There is, for example, a bit stuck in which would allow the police to insist on CCTV being installed within licensed premises – that is, all bars, pubs, clubs, corner grocery stores that sell alcohol, and even the poshest, quietest, country house hotels. Quite apart from the fact that I don't want some camera lip-reading me, or looking over my shoulder as I tap out my PIN number in a restaurant, my concern is that, once again, it will be the innocent who get criminalized by this technology. The police will regularly demand the CCTV records, and if they find one occasion where the shopkeeper has failed to ask some 20-year-old for ID (perhaps because he's known them for years), well, that's an offence and another nice conviction to put towards Gordon Brown's targets.

Then there's the bizarre new offence of paying for sex with prostitutes 'controlled for gain'. It's billed, of course, as preventing human trafficking. But it actually says that if 'any' of a prostitute's activities are controlled by another, the clients are nicked. So that's an end to places where some experienced woman actually schedules and looks out for the girls. From now on, they're on their own in that big bad world. I guess it would include girls who use agencies (like taxi drivers do) to bring business to them. After all, that peripheral part of their activities is 'controlled for gain' by the agency managers.

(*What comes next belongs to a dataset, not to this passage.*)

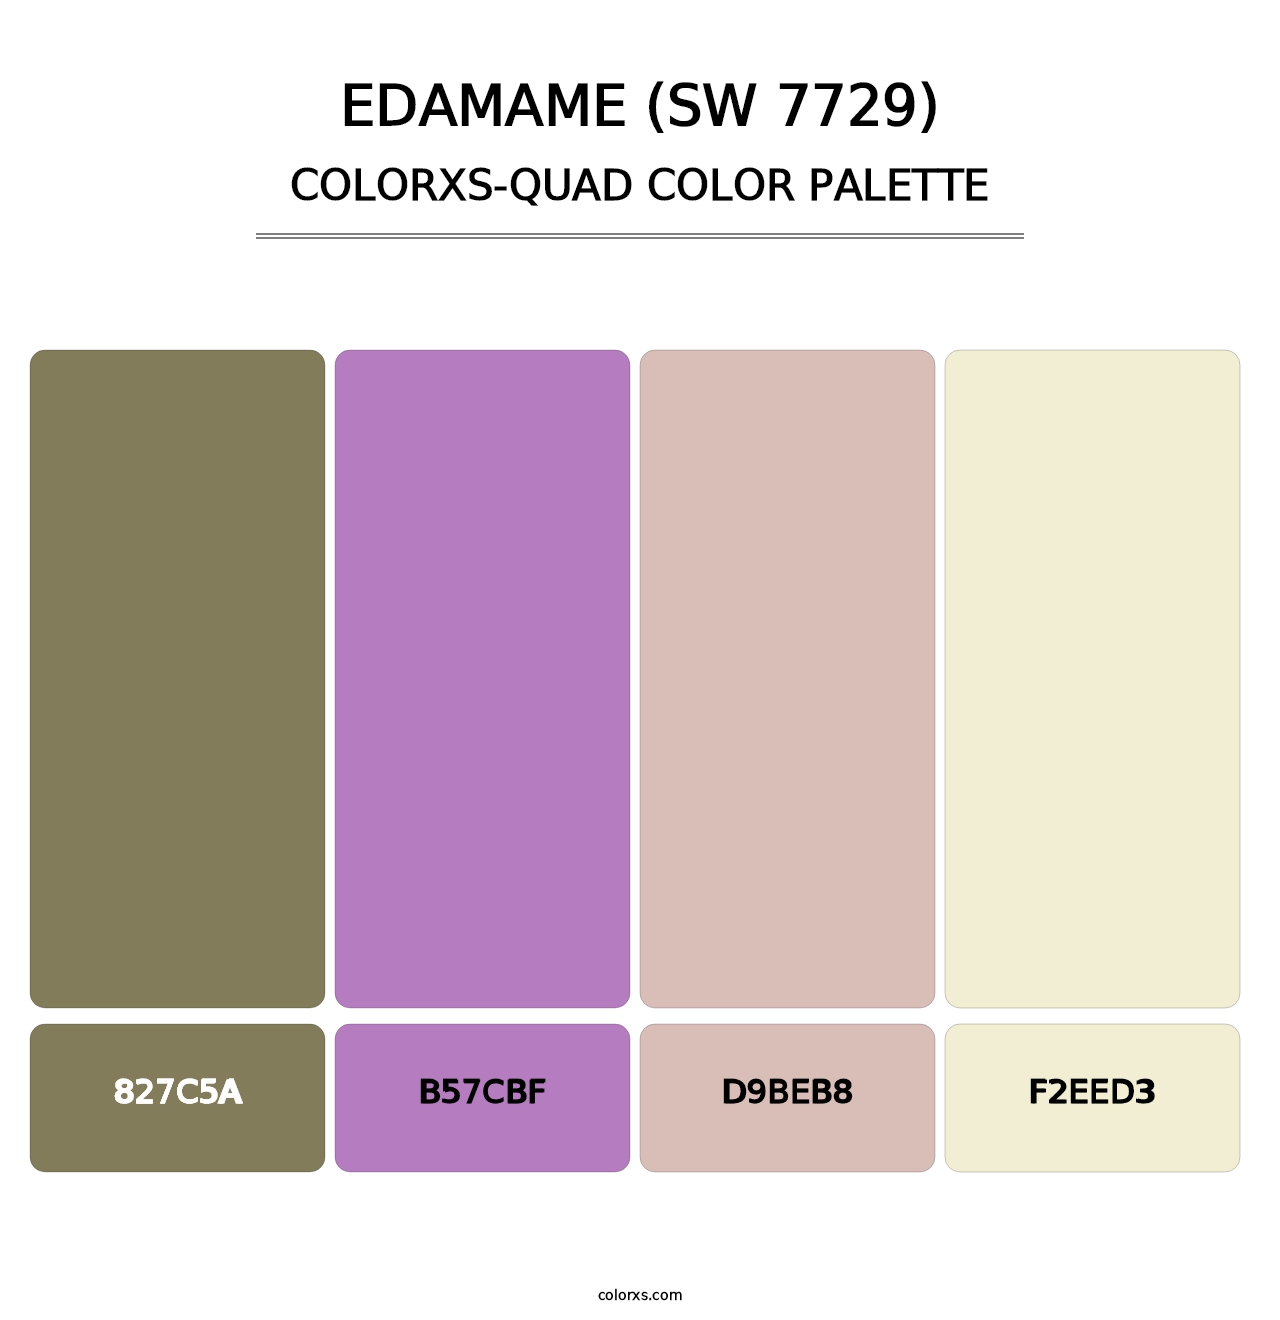 Edamame (SW 7729) - Colorxs Quad Palette

Again, agencies actually protect the girls they manage – barring violent clients, checking on the girls to ensure that clients have left on time without doing them injury. Depending on how these vague clauses are interpreted – and you can be sure that the police and the Home Secretary will interpret them as widely as they dare – it all means that there will be more prostitutes out there, on their own, without the protection of experienced other people. Like the human trafficking legislation that preceded it, this law isn't going to catch any nasty guys – it's simply going to be used to harass girls who are trying to make a living from an entirely voluntary activity. This government really are turning into a bunch of fascists.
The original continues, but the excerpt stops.